Fun facts about Jack Lamabe:

-Jack was born in Farmingdale, NY and attended the University of Vermont before signing with the Phillies in 1956.

-Before his second pro season, he was granted minor league free agency and signed with the Pirates. He spent five years in their farm system before making the big league club in 1962 at age 24.

-In his first two major league games, the righty combined for eight innings of five-hit, one-run relief. He struck out five, walked two, and earned one save with only one day of rest in between the outings.

-As a rookie, Lamabe was 3-1 with 2 saves and a 2.88 ERA in 46 games as a Pirates reliever.

-The Red Sox acquired Jack along with Dick Stuart in an offseason trade and called upon the reliever 65 times in 1963 with a team-high 151.1 relief innings. He posted a 7-4 record, 6 saves, and a 3.15 ERA.

-His career seemed to run off the rails in 1964-1965, as he combined to go 9-18 with a 6.06 ERA for the BoSox and Astros. He spent a portion of the 1964 season in the Boston rotation and was demoted to the minors in the following season.

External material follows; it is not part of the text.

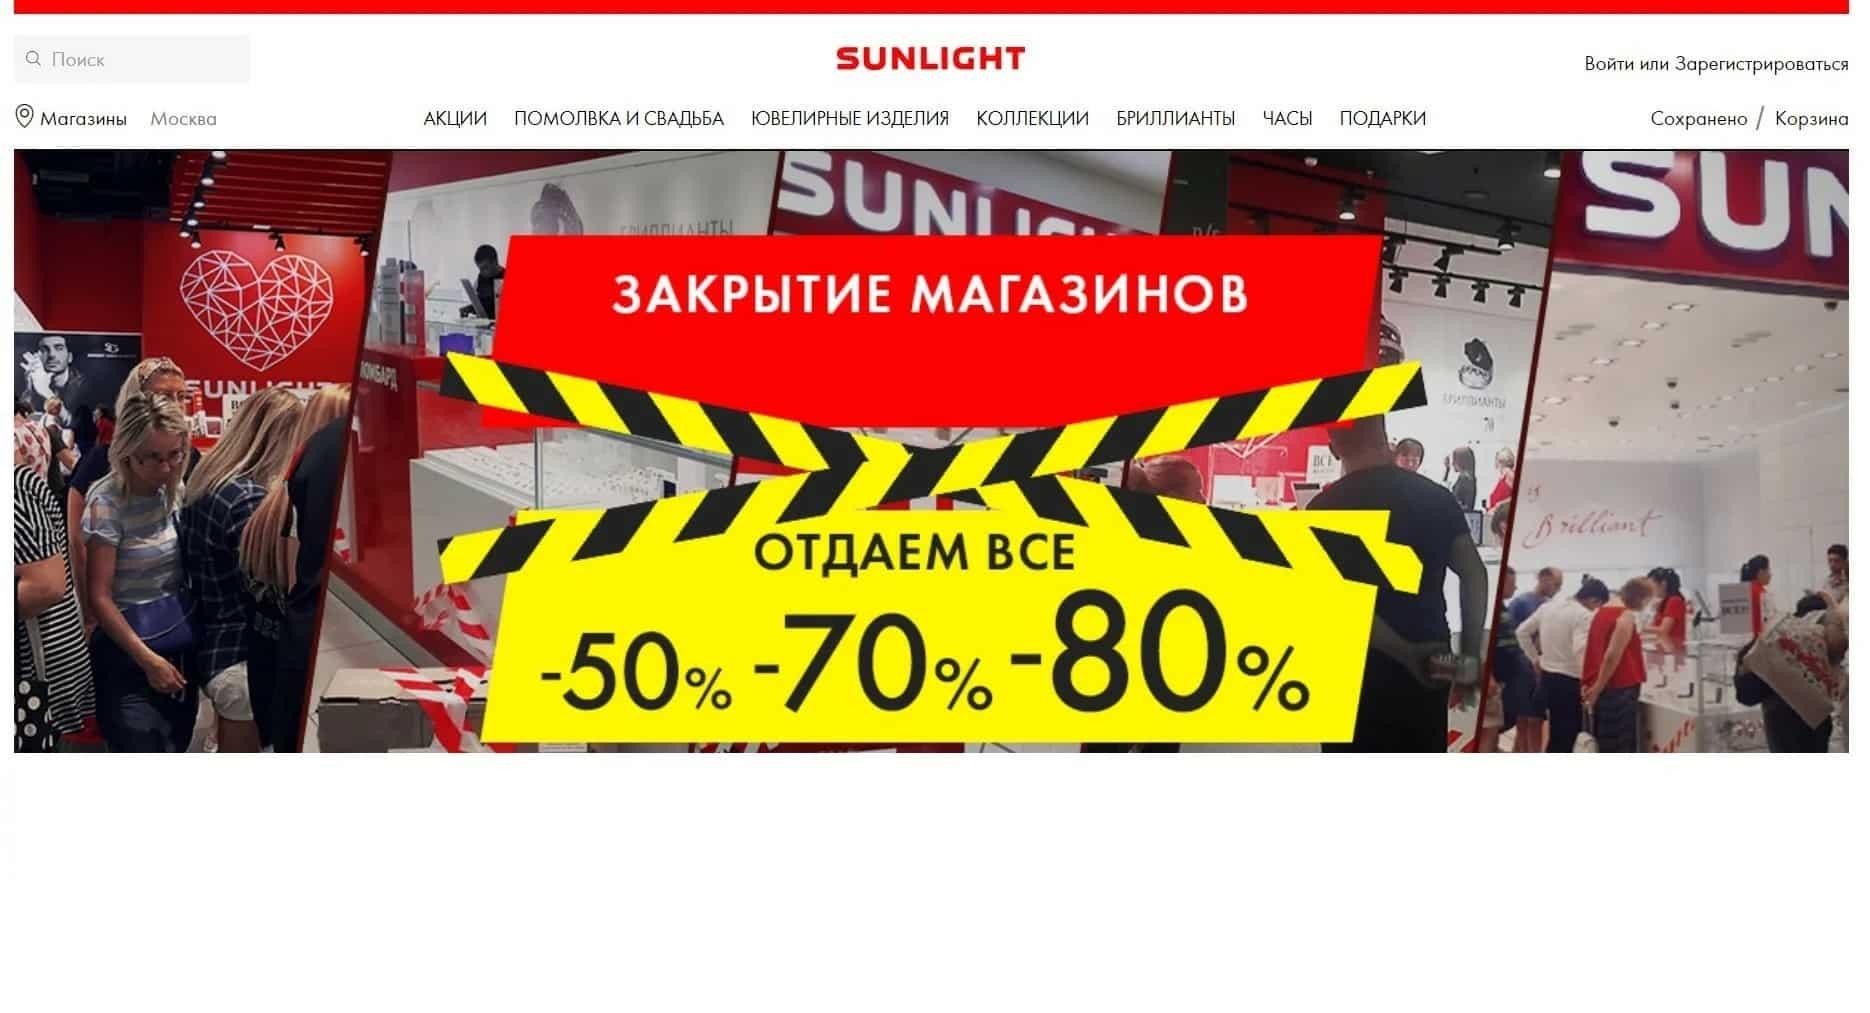 Магазины Sunlight закрываются по всей России: с чем это связано, будут ли скидки

-Jack righted himself with a 7-9 record and a 3.93 ERA in a swingman role with the White Sox in 1966. A year later, he pitched for three teams (White Sox, Mets, and Cardinals) and accumulated 5 saves, a 3.20 ERA, and a career-best 1.10 WHIP. He helped the Cardinals in their pennant drive by reeling off 27.1 consecutive scoreless innings from early August through early September. He relieved in three World Series games for the victorious Cardinals.

-Getting the starting nod against the Red Sox on May 30, 1966, he one-hit his former team in an 11-0 laugher. His potential no-hitter was spoiled by a Joe Foy single to lead off the eighth inning.

-He finished his career inauspiciously, putting up a 4.30 ERA in relief for the Cubs in 1968 and spending all of 1969 in AAA. In parts of seven big-league seasons he was 33-41 with 15 saves and a 4.24 ERA.

-Lamabe went on to coach collegiately at Jacksonville University (1974-1978) and Lousiana State University (1979-1983). He was LSU's first full-time baseball coach. The ex-pitcher died in December 2007 at age 71.

#88 Jack Lamabe (back)


  1. Although he had an up and down career, at least he got a ring.

  2. Matt - True. Ernie Banks can't say the same.